While other missionaries saw the Jewish people as traitors to the God of the Bible and inferior to Christians, Cohen emphasized that they are God’s chosen people–thus the name of his mission. Cohen also influenced many of the Christian missions that only Jews who have come to believe in Jesus could be effective witnesses to the Jewish people. Yet the number of Jews who came to faith was still tiny in relation to the amount of resources and efforts that were invested.
Despite the Jewish resistance to his message, Cohen labored to protect the Jews from growing antisemitism in the US that was directed primarily toward the poor Jewish immigrants. He sent letters to education officials in the city pleading with them to remove antisemitic books from the schools curriculum. He also reminded the Christian churches that they have a debt toward the Jewish people, who should be honored as the “Elder Brother.”
Cohen was an avid supporter and sent money to further the causes of Zionism, seeing the return of the Jewish people to Israel as fulfillment of the Messianic redemption.

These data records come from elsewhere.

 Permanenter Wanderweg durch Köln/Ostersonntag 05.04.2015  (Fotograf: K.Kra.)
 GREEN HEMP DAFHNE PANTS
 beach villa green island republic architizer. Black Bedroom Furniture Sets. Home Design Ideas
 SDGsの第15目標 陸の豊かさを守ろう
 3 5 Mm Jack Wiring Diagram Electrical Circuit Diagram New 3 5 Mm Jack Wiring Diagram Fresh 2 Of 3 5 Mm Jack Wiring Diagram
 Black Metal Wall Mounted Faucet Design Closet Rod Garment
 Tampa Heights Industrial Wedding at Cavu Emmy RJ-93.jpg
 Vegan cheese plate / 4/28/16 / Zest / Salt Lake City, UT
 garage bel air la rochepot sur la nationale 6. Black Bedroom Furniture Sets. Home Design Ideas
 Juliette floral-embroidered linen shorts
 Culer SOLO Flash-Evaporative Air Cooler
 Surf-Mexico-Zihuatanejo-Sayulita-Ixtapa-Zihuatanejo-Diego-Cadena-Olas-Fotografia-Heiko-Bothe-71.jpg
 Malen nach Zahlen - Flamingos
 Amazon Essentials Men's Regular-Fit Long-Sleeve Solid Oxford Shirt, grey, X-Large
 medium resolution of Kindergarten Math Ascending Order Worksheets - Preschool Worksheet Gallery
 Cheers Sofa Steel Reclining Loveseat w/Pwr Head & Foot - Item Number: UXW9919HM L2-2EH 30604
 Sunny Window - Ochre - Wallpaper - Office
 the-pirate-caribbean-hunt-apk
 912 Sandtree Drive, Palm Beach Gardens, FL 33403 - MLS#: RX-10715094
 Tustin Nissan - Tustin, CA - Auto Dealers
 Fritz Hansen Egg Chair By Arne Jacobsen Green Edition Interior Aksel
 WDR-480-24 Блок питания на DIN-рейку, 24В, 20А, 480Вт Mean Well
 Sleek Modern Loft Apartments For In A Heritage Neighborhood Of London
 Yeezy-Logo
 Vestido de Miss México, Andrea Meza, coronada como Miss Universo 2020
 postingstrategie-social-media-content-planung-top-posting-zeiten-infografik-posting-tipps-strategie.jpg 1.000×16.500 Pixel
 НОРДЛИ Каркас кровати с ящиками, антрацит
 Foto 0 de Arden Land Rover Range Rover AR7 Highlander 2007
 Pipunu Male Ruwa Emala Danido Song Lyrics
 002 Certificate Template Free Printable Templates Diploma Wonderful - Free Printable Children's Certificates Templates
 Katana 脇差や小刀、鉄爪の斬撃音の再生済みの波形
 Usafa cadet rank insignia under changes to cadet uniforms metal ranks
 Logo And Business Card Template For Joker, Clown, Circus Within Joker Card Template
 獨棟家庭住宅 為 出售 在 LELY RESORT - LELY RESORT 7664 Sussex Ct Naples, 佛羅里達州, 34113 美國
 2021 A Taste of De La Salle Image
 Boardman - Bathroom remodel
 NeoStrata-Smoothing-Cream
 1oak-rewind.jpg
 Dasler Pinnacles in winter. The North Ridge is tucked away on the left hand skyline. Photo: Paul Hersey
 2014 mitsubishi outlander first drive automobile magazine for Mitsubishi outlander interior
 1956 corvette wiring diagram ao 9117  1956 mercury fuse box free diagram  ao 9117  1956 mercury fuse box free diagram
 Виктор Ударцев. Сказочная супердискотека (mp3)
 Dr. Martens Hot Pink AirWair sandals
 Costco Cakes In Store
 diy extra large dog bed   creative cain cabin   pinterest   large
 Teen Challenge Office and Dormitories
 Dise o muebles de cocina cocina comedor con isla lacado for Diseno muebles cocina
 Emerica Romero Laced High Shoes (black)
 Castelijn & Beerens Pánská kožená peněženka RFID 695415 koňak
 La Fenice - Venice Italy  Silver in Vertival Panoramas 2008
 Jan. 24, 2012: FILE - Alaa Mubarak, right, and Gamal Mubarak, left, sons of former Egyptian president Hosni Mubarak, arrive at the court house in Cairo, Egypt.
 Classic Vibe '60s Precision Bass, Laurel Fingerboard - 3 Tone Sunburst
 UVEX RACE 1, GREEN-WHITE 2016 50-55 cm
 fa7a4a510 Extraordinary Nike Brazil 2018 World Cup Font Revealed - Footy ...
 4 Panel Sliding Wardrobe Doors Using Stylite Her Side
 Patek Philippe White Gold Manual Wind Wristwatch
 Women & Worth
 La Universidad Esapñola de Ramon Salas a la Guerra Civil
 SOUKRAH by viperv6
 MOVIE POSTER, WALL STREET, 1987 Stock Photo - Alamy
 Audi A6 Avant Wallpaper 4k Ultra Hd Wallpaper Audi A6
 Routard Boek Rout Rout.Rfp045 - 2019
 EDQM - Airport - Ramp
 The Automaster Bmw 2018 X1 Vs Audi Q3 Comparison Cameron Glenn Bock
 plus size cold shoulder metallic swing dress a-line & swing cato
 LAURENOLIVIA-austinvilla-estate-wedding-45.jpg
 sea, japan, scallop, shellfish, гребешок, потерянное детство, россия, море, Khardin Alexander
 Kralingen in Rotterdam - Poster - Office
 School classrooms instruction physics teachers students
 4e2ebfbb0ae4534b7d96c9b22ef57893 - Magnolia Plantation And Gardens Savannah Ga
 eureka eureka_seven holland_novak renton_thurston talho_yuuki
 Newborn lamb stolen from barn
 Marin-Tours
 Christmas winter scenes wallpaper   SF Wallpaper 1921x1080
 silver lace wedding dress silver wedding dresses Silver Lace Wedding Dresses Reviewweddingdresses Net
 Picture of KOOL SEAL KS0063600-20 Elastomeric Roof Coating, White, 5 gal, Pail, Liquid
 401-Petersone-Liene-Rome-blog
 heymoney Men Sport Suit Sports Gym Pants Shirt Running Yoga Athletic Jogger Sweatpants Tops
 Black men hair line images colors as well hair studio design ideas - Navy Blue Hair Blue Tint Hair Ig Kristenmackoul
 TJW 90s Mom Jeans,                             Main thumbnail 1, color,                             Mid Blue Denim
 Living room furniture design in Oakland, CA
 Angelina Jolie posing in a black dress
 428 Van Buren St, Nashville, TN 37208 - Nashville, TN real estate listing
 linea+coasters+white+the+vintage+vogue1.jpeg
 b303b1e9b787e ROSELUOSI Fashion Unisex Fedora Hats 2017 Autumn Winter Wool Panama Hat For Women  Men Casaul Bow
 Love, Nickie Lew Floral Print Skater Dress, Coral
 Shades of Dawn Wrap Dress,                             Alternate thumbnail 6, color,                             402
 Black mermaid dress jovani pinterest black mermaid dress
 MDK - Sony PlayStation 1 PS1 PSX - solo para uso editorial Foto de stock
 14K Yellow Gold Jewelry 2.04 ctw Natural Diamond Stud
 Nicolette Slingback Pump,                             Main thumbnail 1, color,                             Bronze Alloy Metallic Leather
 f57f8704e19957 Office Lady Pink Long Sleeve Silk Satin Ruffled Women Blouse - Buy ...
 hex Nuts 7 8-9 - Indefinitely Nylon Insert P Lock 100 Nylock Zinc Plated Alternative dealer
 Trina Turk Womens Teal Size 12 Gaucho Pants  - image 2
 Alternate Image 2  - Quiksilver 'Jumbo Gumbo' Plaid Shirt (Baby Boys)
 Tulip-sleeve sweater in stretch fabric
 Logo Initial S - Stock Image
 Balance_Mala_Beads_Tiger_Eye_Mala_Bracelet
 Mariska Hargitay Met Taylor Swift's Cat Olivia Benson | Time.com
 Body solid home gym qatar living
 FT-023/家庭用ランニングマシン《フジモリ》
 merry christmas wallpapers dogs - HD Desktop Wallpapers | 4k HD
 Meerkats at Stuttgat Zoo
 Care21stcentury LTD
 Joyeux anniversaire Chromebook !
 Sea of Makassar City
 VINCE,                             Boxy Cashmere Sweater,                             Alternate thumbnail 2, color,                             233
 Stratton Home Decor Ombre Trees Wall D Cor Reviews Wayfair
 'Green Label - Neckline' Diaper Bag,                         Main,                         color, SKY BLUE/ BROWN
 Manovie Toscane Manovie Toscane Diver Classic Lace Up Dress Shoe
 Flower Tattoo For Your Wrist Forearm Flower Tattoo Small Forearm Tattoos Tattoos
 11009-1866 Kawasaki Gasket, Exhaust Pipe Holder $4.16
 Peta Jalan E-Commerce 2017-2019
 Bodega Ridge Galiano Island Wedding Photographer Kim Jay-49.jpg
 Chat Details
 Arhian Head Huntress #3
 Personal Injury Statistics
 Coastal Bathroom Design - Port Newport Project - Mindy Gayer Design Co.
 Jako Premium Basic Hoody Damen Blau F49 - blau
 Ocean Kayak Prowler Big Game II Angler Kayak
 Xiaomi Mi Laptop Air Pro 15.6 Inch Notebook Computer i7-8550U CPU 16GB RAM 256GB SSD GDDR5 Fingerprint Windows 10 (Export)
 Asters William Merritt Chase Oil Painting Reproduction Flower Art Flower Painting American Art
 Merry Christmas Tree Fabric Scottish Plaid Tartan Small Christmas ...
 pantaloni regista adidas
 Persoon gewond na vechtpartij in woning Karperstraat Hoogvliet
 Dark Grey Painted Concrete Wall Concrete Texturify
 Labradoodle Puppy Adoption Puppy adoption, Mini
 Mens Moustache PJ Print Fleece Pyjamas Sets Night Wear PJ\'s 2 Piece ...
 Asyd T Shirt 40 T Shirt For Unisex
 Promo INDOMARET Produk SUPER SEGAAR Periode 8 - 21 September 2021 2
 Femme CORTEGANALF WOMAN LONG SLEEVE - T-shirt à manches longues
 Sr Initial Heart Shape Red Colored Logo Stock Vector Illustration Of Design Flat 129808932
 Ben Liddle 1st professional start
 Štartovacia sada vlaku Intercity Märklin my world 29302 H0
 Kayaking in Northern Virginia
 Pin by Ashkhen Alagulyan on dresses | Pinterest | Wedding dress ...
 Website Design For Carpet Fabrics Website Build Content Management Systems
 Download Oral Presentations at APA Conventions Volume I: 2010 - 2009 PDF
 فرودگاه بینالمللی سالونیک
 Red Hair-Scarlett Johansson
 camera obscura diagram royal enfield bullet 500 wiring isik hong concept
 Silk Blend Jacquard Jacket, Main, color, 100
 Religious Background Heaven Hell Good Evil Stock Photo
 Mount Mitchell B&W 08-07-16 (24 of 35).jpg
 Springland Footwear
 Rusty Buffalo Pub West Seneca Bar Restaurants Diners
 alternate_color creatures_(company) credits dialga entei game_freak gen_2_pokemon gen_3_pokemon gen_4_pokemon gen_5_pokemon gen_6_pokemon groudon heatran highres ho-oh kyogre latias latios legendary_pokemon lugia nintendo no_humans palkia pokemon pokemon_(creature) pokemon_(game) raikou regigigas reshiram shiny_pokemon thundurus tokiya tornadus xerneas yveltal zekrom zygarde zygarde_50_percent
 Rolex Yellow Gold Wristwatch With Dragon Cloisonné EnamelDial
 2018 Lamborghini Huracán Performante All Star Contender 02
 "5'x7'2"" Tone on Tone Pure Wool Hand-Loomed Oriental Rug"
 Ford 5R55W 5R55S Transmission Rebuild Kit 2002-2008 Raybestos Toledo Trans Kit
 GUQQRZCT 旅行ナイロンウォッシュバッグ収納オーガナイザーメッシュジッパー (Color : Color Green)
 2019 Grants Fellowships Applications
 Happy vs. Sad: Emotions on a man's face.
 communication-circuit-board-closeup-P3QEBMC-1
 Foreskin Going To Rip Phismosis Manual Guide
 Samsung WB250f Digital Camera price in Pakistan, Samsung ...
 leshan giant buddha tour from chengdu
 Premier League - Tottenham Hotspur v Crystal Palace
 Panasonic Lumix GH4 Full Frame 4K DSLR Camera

In 1930, Cohen was awarded an honorary doctorate from the Evangelical Wheaton College in Illinois in recognition of his ministry among the Jewish people. Cohen died in 1937. His son Joseph Cohen spread the mission to reach Jewish people with the Gospel to centers around the world. Today, 120 years after the mission began, there are Chosen People Ministries centers in 16 nations, including Israel, in Jerusalem and Tel Aviv.